“What’s your name?”
“Lomnos.”
“Lomnos, if Jason does not get this message, I will come looking for you—you understand?”
The boy nodded, snarling, and then ran back the way he had come.
“Whistler, is that you? Not the head again.” Whistler’s bald pate had yet another slice out of it. He raised his hand and touched the blood. “Never felt it—I don’t feel nothing there no more—lucky for me, eh? Rictus, we’ve got to rein in these stupid fuckers before they burn the place down around us.”
“I know. Discipline is all to hell. Do what you can. I’ll try to get to the head of them.” Rictus took off up the steep city street at a run, grabbing men here and there, any face he recognised, any name he could shout out. Called like this, the men remembered their duty and followed him up the hill, but hundreds of Rictus’s mora were scattering through the city, killing and looting as they went, beyond the reach of their centurions. The bodies began to pile up in the streets.

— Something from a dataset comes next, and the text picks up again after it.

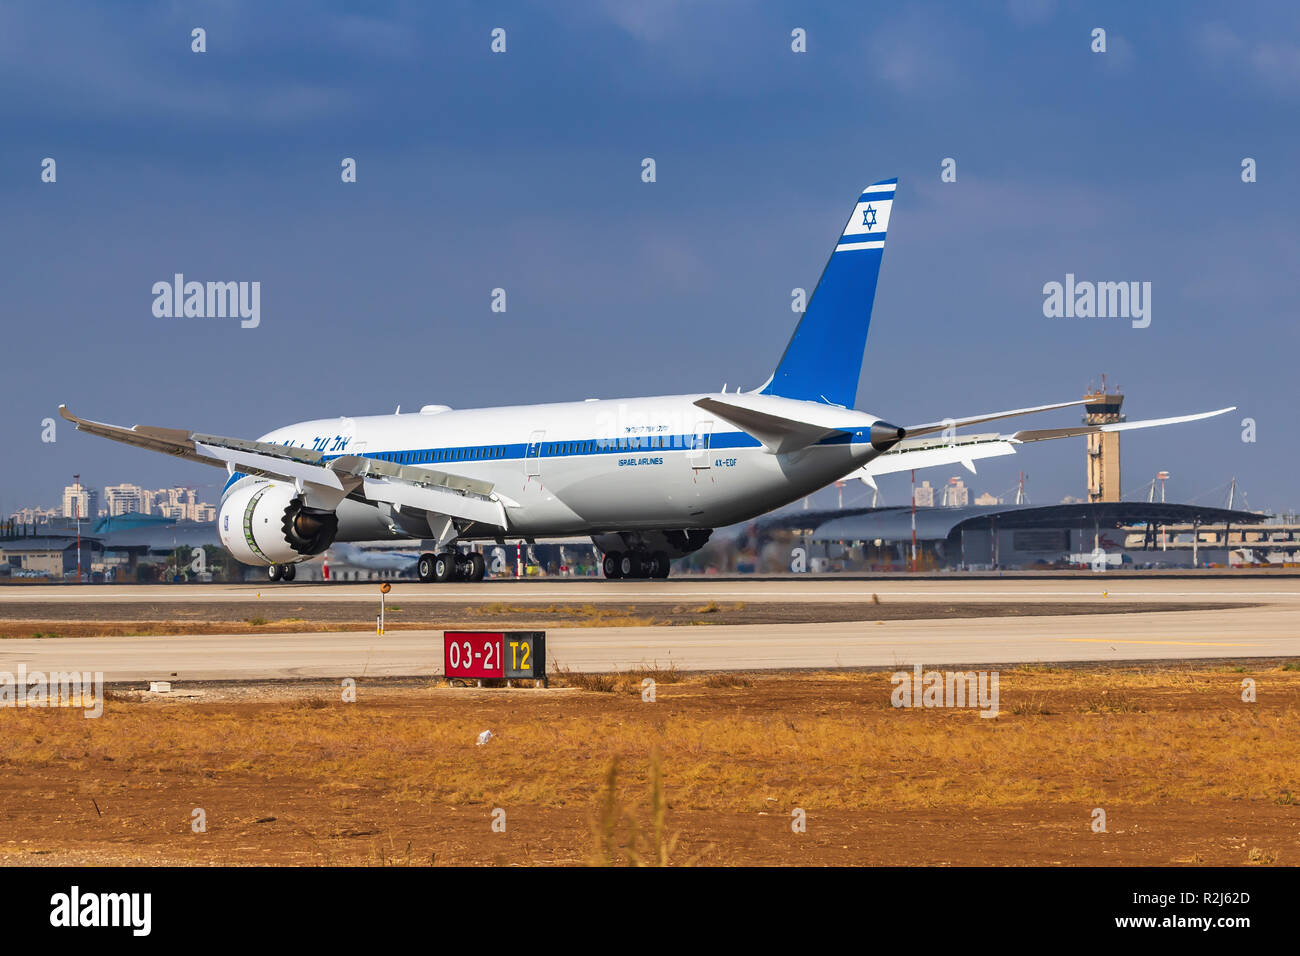 El Al Boeing 787-9 Dreamliner a photographié à l'aéroport Ben Gourion, Israël Banque D'Images

The boy Lomnos panted out his message with the spittle spraying from his lips. Jason set a hand on his shoulder. He looked around, saw Aristos in the midst of the marching column, and called him over.
“Take your mora into the city, at the double. Rictus may need help.” Aristos grinned, face flushing with pleasure. He turned to go.
“And Aristos—keep them in hand!”
The lead mora broke into a run, clapping on their helms and sliding their shields from back to shoulder with the neck-strap. Jason looked round again, saw Buridan two hundred paces away. He pointed to the city and pumped his fist up and down. Buridan nodded, and shouted at his men. Immediately, this second mora began to pick up their pace as well. Two thousand men, sweating and gasping in their armour, now streaming towards the open gates of Ab-Mirza at a run.
“Shields!” Jason cried. The centurions around him took it up, and the five middle morai of the column immediately broke ranks and made for the baggage train, where their shields were stored on the wagons. Morai took it in turns to provide the shield-bearing rear and van guards, because to march all day with the shield was punishing. It would thus be some time before Jason could send more fully-armed morai into the city. For the moment, whatever was happening in there was the concern of Rictus and Aristos and Buridan alone.
Perhaps two hundred men held around Rictus in a body; all that he could gather out of his mora. These were mainly veterans who had been close to him at the Kunaksa, older men with more level heads, but even they were eager to be off and join their comrades. He could feel it. Some fool had knocked a cresset into a stable, and half a street was burning. Rictus found himself frozen, staring at the flames, remembering Isca, the sound of the city’s torture roaring up into the pine-shrouded hills.
Up the steep city streets more troops were advancing, hundreds of heavy spearmen, a curse-bearer at the head. He doffed his helm and became Aristos, lithe, olive-skinned, his face alight with happiness. “Well, lads,” he shouted, “Let’s finish what Rictus has begun. Remember my uncle Argus—remember Phiron! Teach these kutr their names!”
Vorus was woken by an orderly, a young hufsan with a set face. “General, I was told to wake you. Outside, there is something you must see.”
Mystified, Vorus threw a blanket about his shoulders and padded barefoot out of the tent. Dawn was almost upon them, and the great camp around him was stirring, the smell of woodsmoke and horseshit mingling on the air.
“General Proxis is on the mound, sir,” the hufsan said.
Vorus laboured up the slope of the small tell, all that was left of some indescribably ancient city. There was a lookout post at the top, this being the highest point for miles around. Proxis stood there now, along with three other Juthan of the Legion.
“Proxis.”
“Look west, General. What do you see?
A glow on the brim of the sky, red in the white mist-sea which blanketed the plain. Vorus’s face hardened.
“They’re burning a city,” he said. “Where would that be?”
“Ab-Mirza. It’s sixty pasangs from here; two days’ march.”
“I know it. The King’s messenger got through, then; they must have made a fight of it.”
“That, or the Macht are simply setting an example.”
“I don’t think they would,” Vorus said quietly. “What purpose could it serve? No; there’s been a fight in that city, Proxis.”
“And the city has lost. The Governor of Ab-Mirza has brought ruin down on himself. And his people.”
“Would you suggest we order all governors to throw open the gates of their cities to these brigands?” Vorus asked, angry now. “The King was right. We must make them fight every step of the way.”